Before becoming involved in gay teen organizations, Murray's only respite from the hell was at home. His parents, Murray says, are accepting and understanding of his sexual orientation.

He's grown especially close to his mom Ria who, suspecting that her son was gay, eased his coming out four years ago by passing along a newspaper article about a teen support group.

``She said, `Isn't that great, they have a support group for gay and lesbians? If you know of anyone who might benefit from it, pass it on,' '' Murray remembers. ``Two days later I came out to my mom. We had a recliner my mom and I used to sit on to talk about our day. She said, `Bruce, are you gay?' I started bawling and said yes.

``She did the best possible thing - she put her arms around me, hugged me and said, `You're my son. I love you.' ''

Since then, his parents have supported his activism. His mother started a Seymour branch of Parents, Family and Friends of Lesbians and Gays (PFLAG) - not something you see everyday in a small town like Seymour - and she stood beside him during the Washington press conference, when he described how violently he'd been harassed.
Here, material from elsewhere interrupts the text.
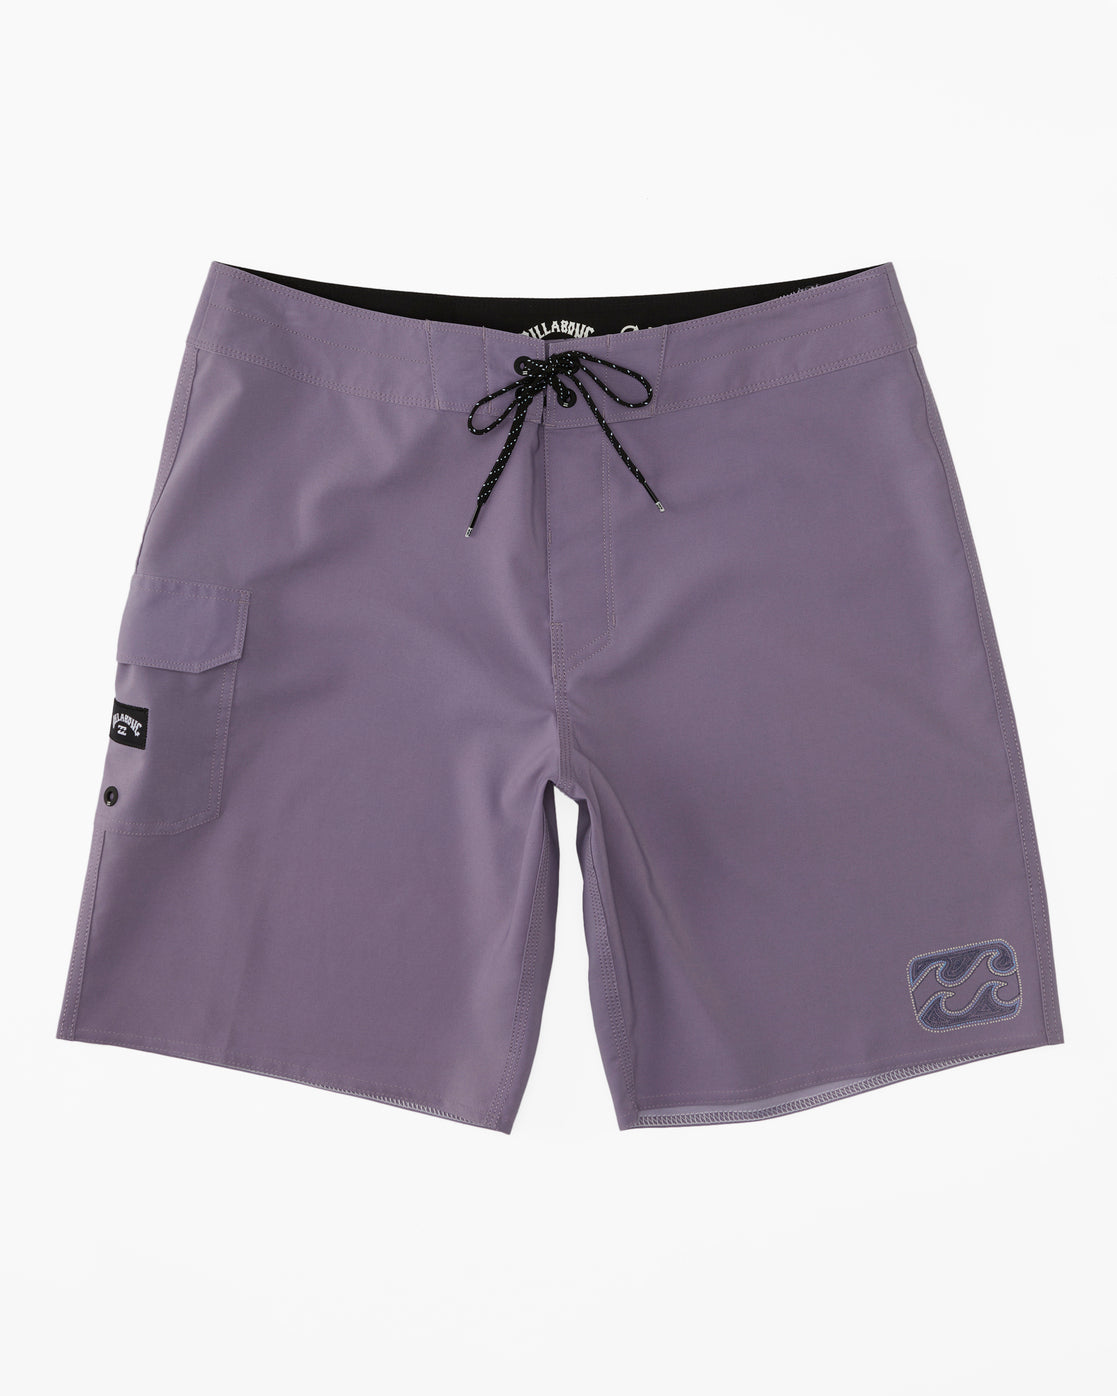 ARCH PRO SHORTS - ABYBS00443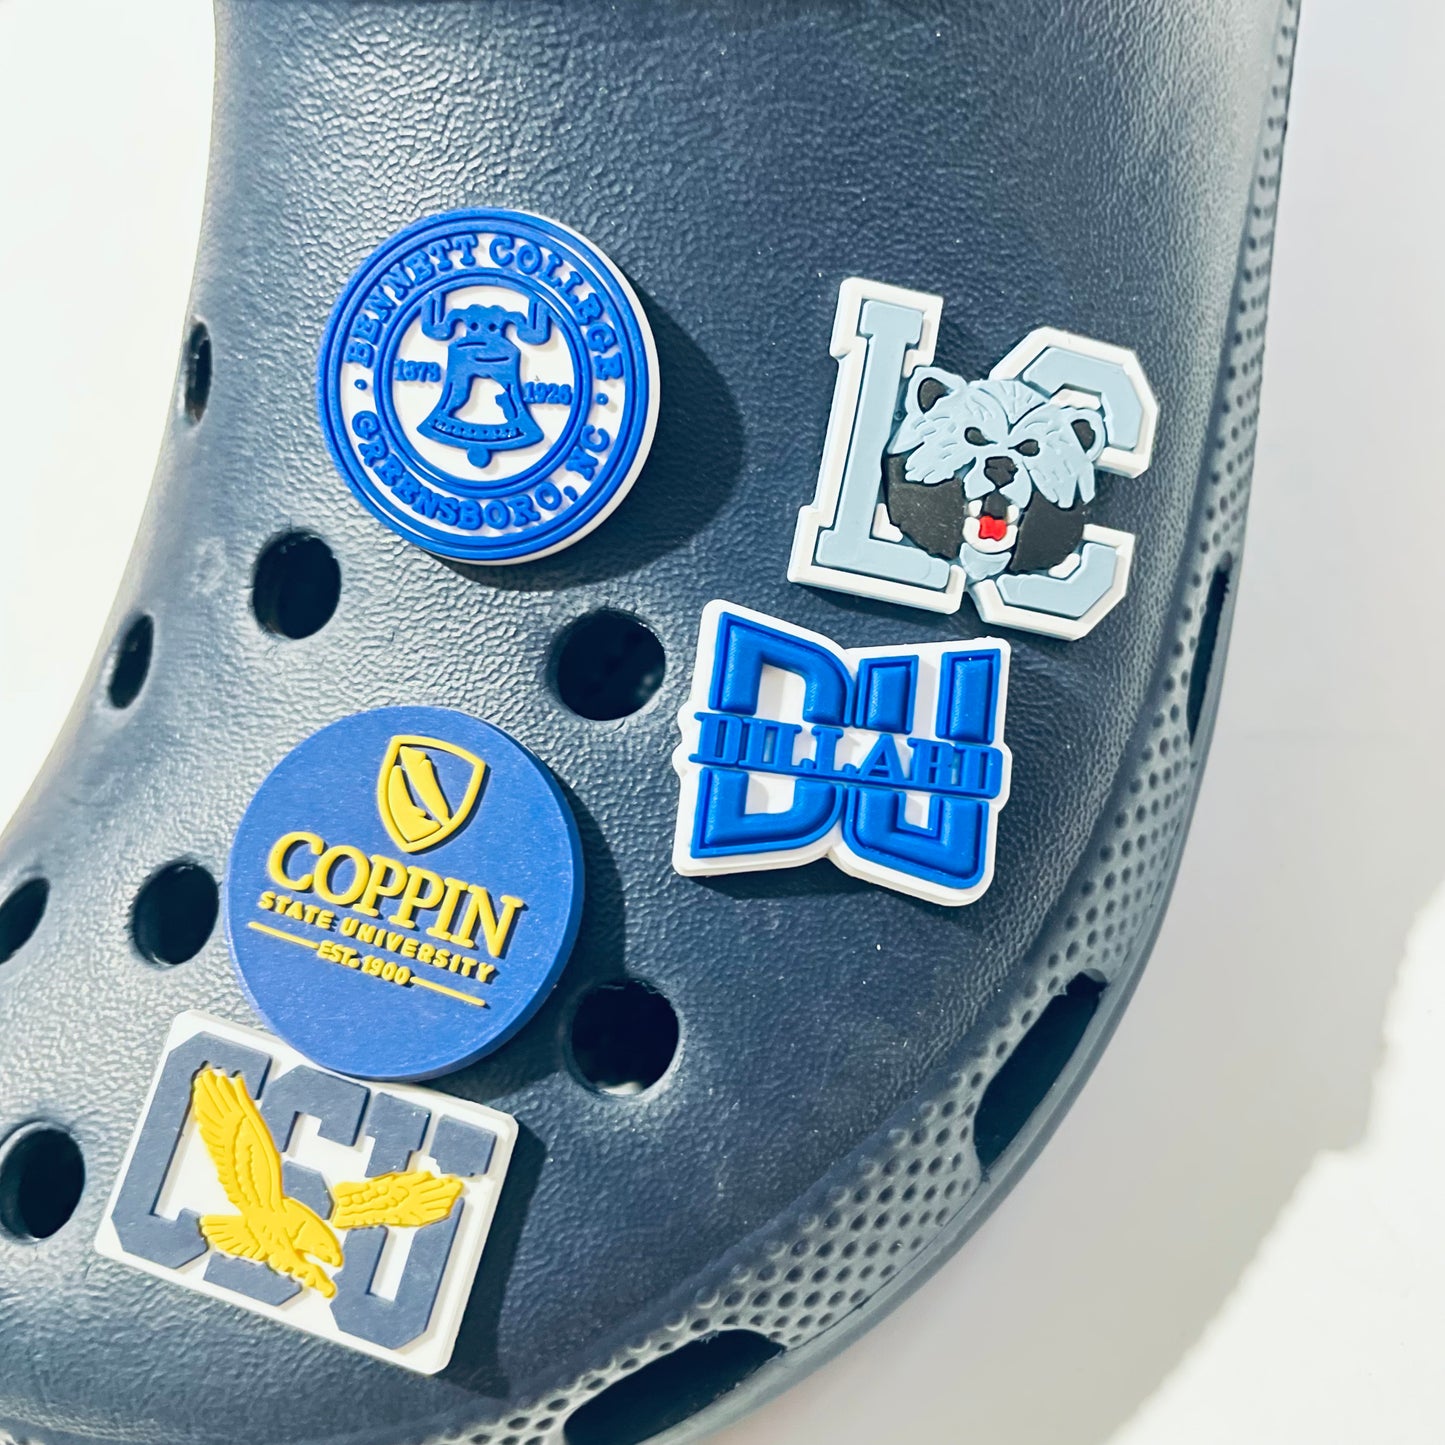 HBCU Shoe Charm - Alabama, Coppin, Dillard,  Fort Valley, Jackson State, Southern, Tennessee

``My mother and I kind of fight together - side by side,'' he says.

They fought together in D.C. on Dec. 5 after being urged by members of PFLAG. Murray opened his wounds in public to draw attention to the lack of tolerance in high schools, especially those in small towns, and to call for the kind of enlightened sex-ed programs that could help end the ignorance.

``I think it would be a lot easier if I lived in a bigger city such as New York, but I always believed in my heart that there's a reason I'm going through a hard time and this has happened. It made me a stronger and better person."